• [SUPPLIED DATA]
+++

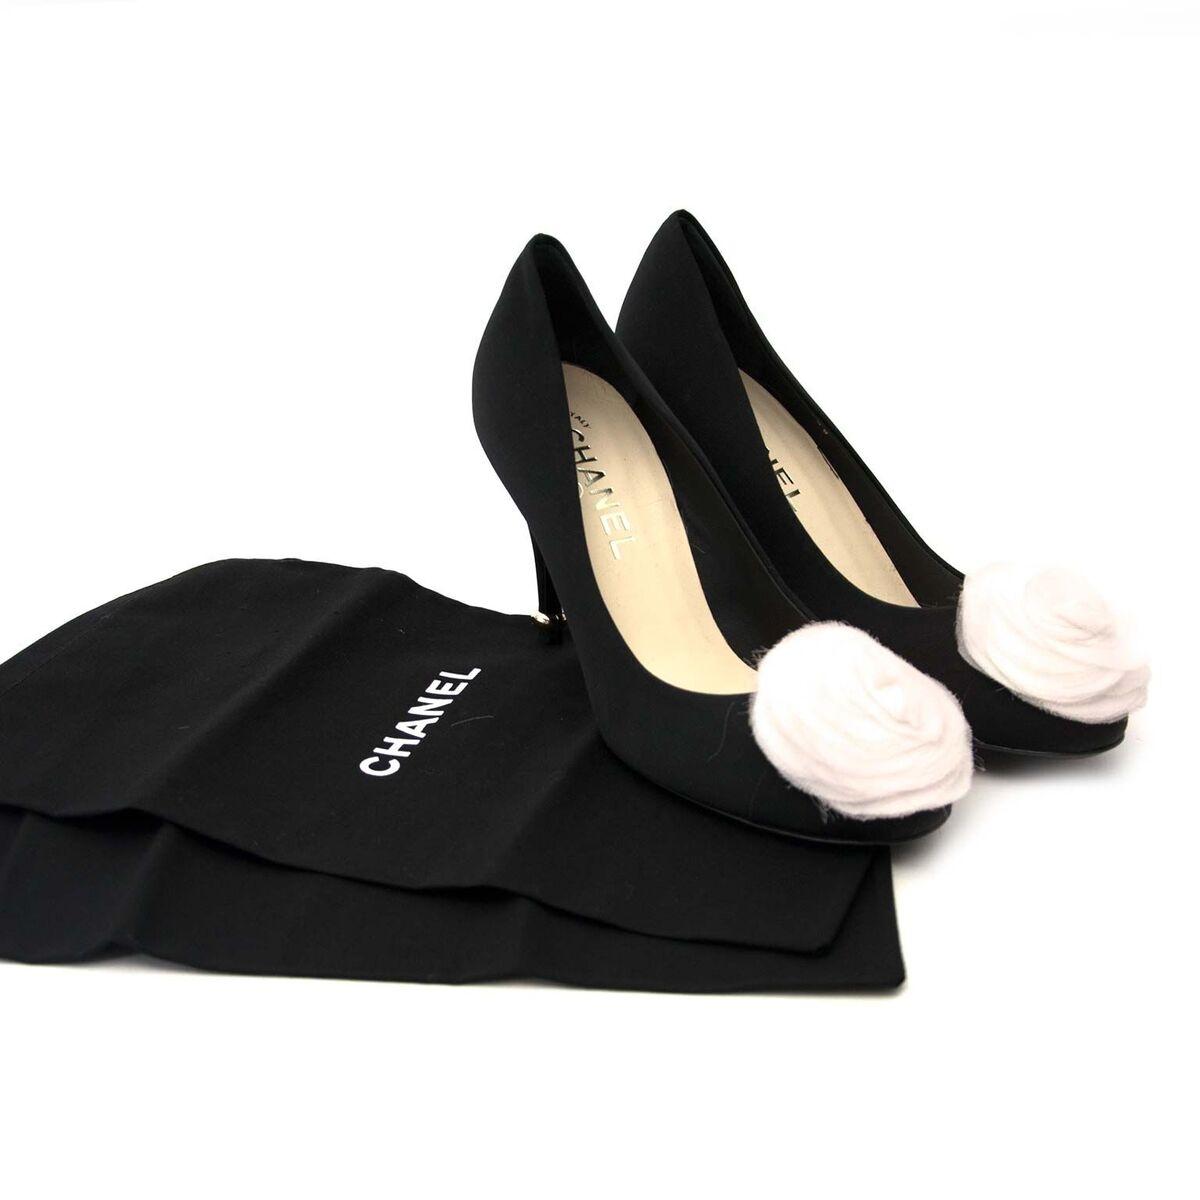 Compra zapatos de Chanel muy en moda para el precio correcto en LabelLOV.
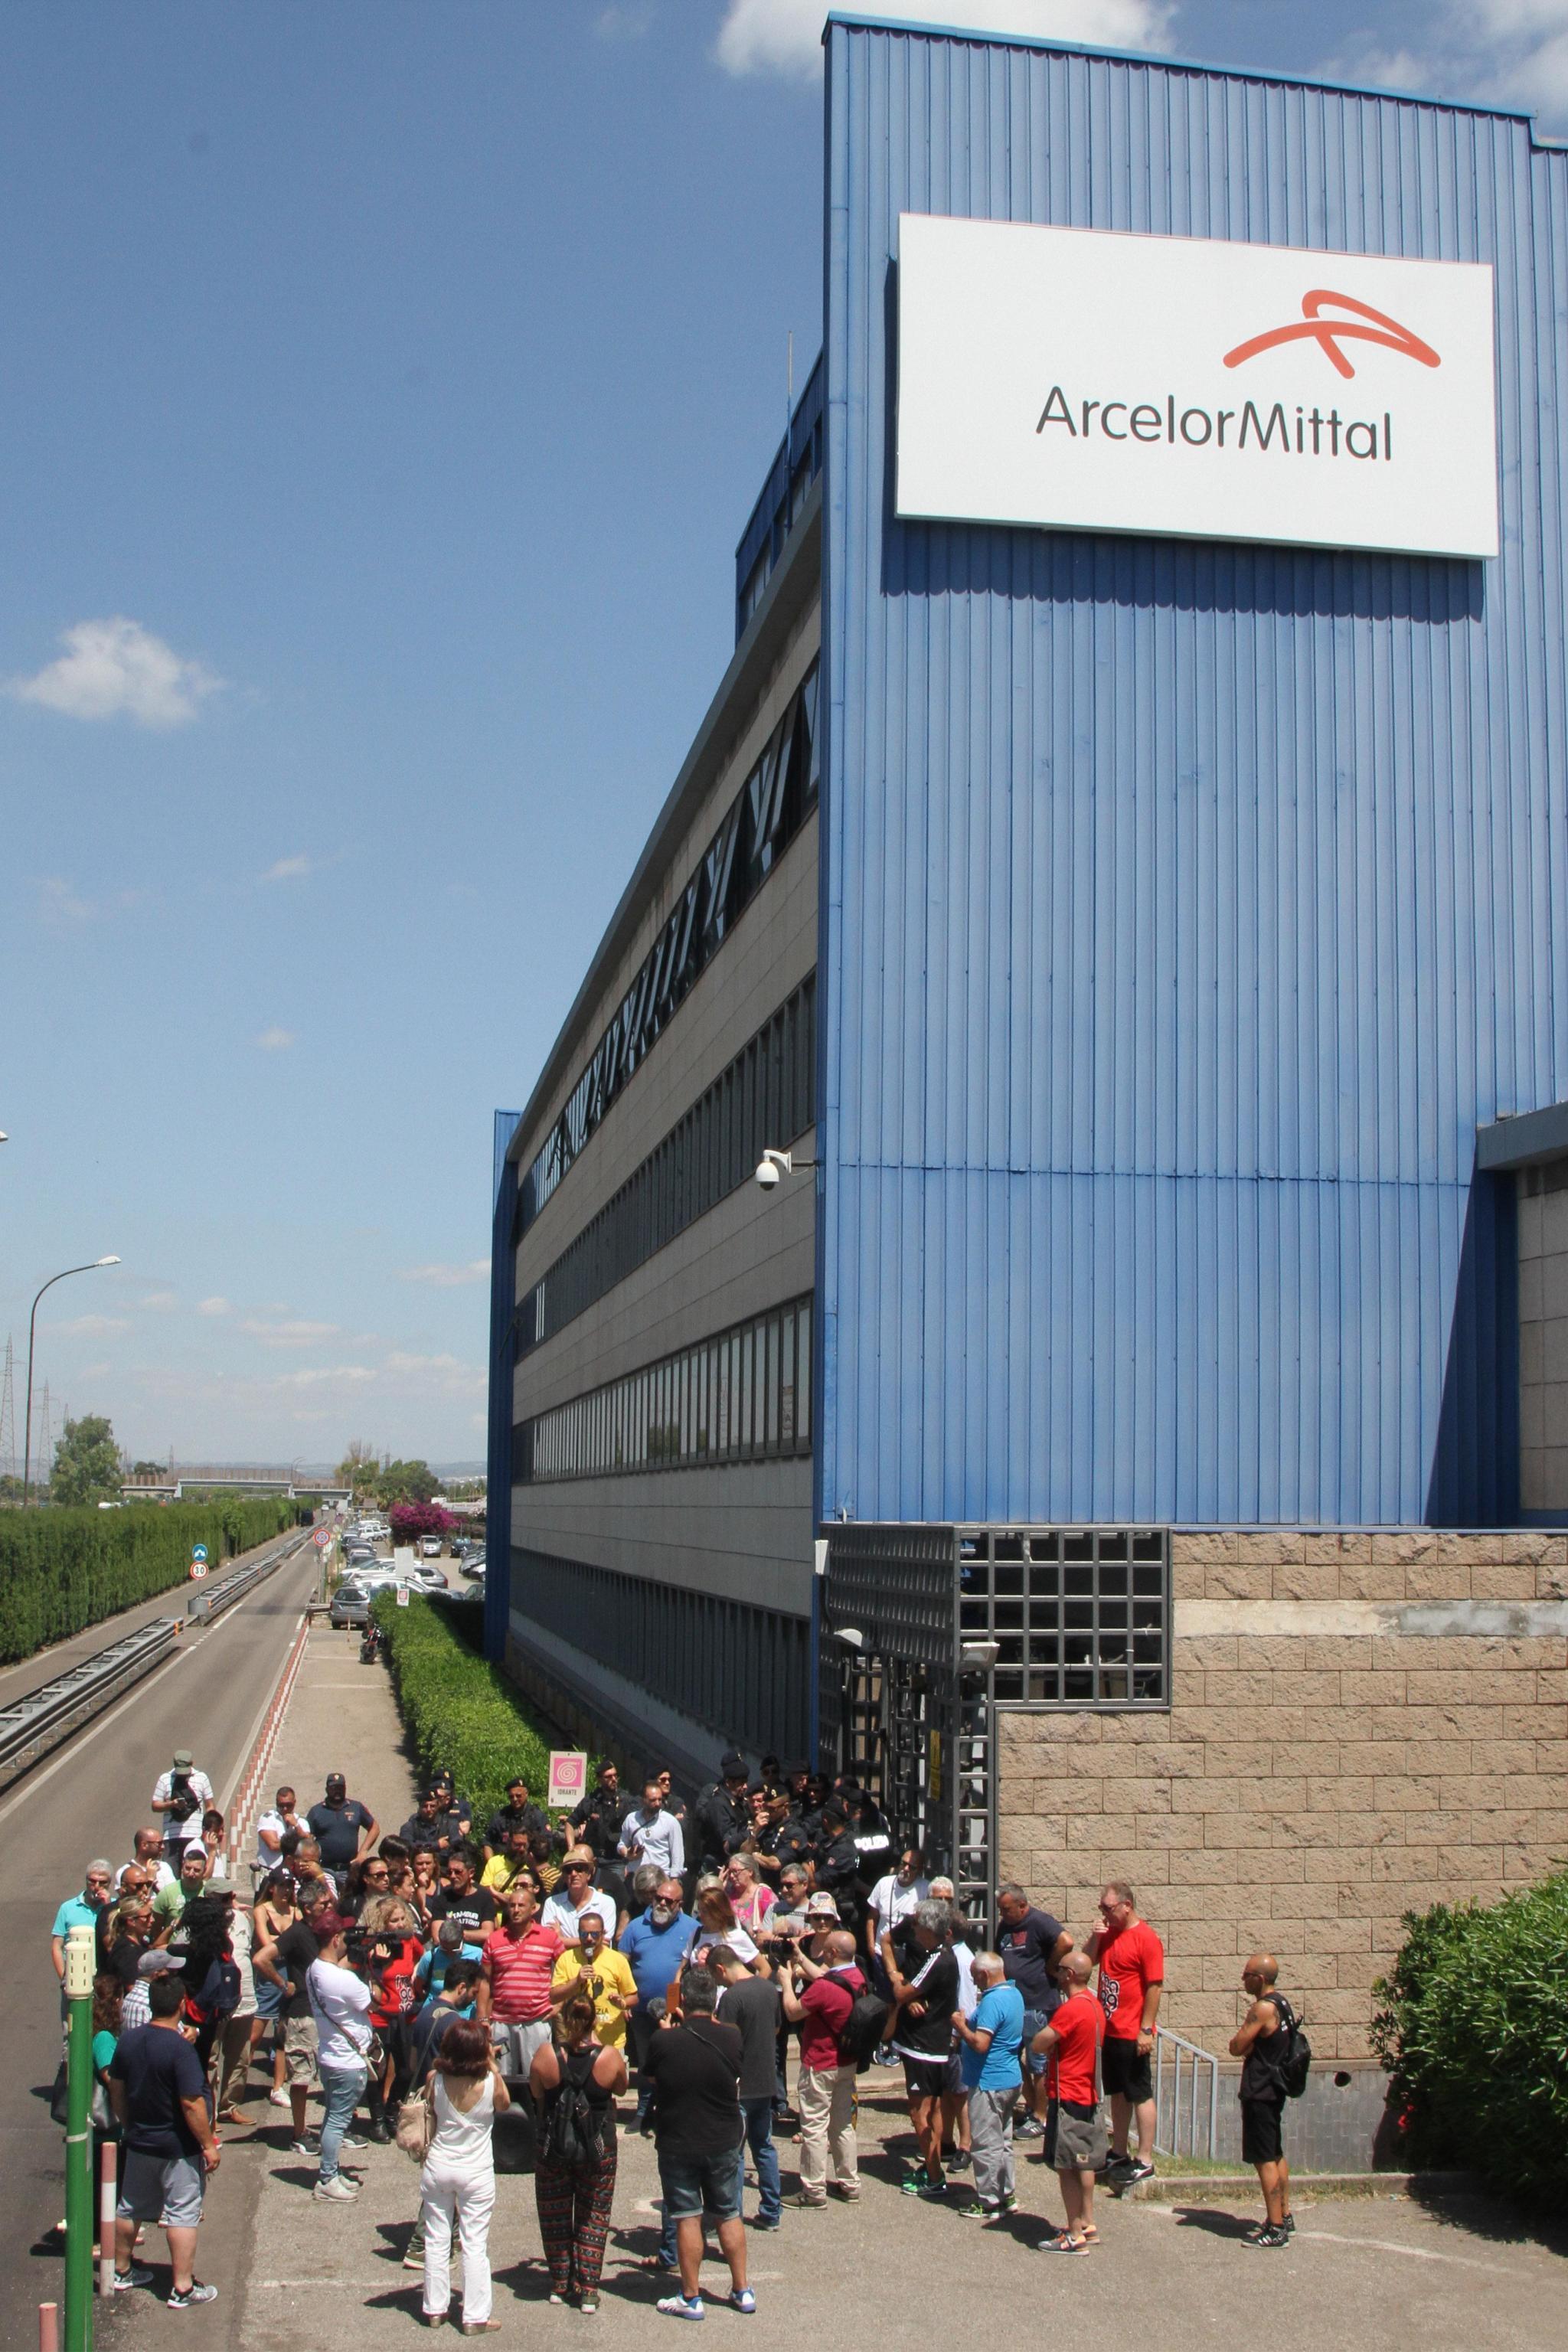 La manifestazione di protesta delle associazioni ambientaliste tarantine contro le politiche del Governo davanti alla sede della Arcelor Mittal, Taranto, 24 giugno 2019. ANSA/RENATO INGENITO
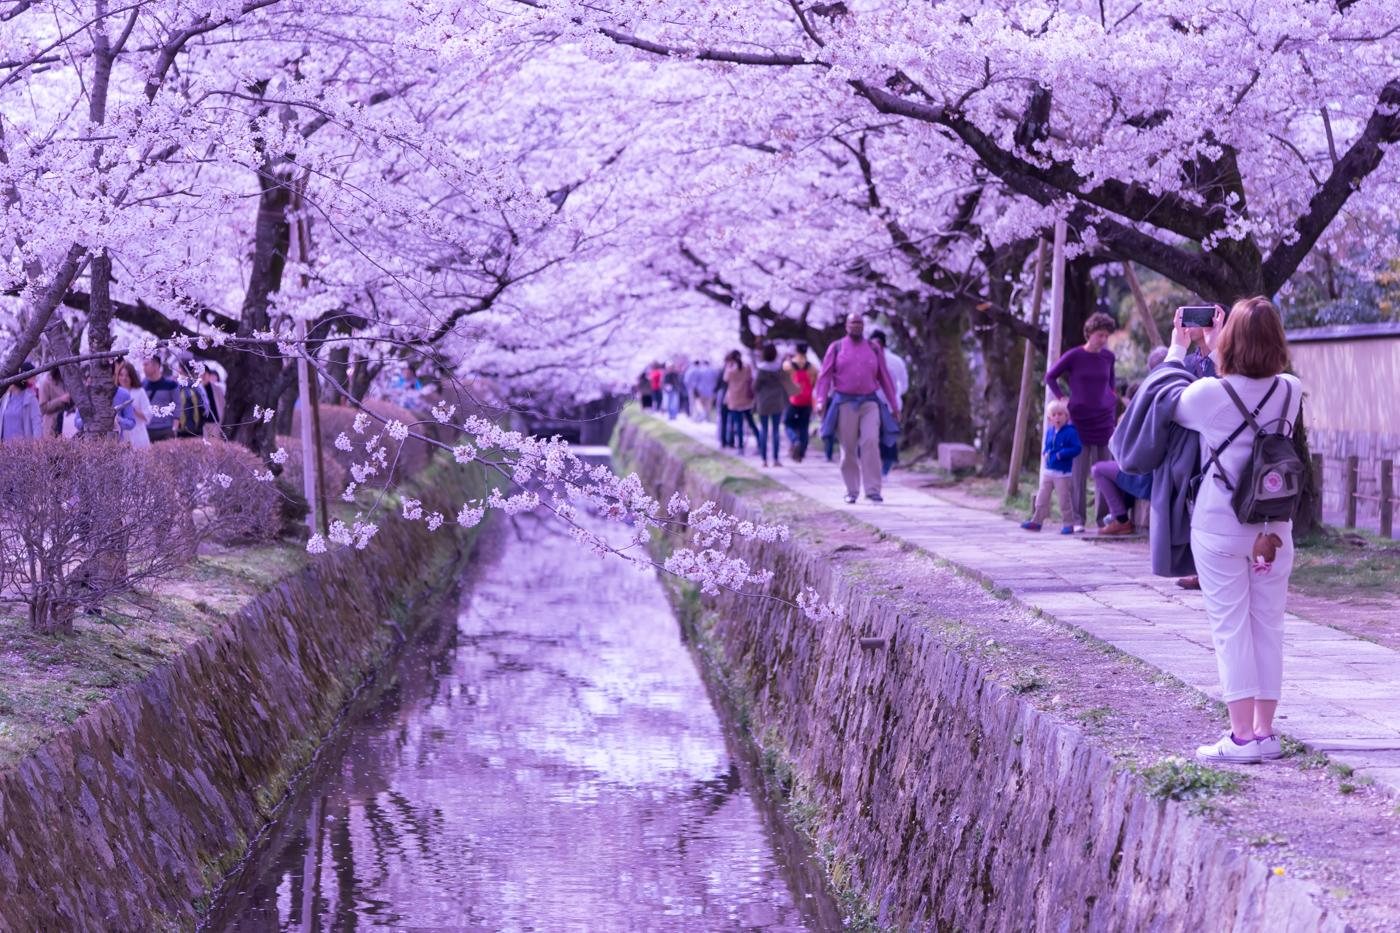 京都 桜 哲学の道 アイキャッチ画像

+++

• [TASK ITEM] Skip the pictures, then return the rest of the data exactly.

• [SOLUTION TO THIS TASK]
 Compra zapatos de Chanel muy en moda para el precio correcto en LabelLOV.
 La manifestazione di protesta delle associazioni ambientaliste tarantine contro le politiche del Governo davanti alla sede della Arcelor Mittal, Taranto, 24 giugno 2019. ANSA/RENATO INGENITO
 京都 桜 哲学の道 アイキャッチ画像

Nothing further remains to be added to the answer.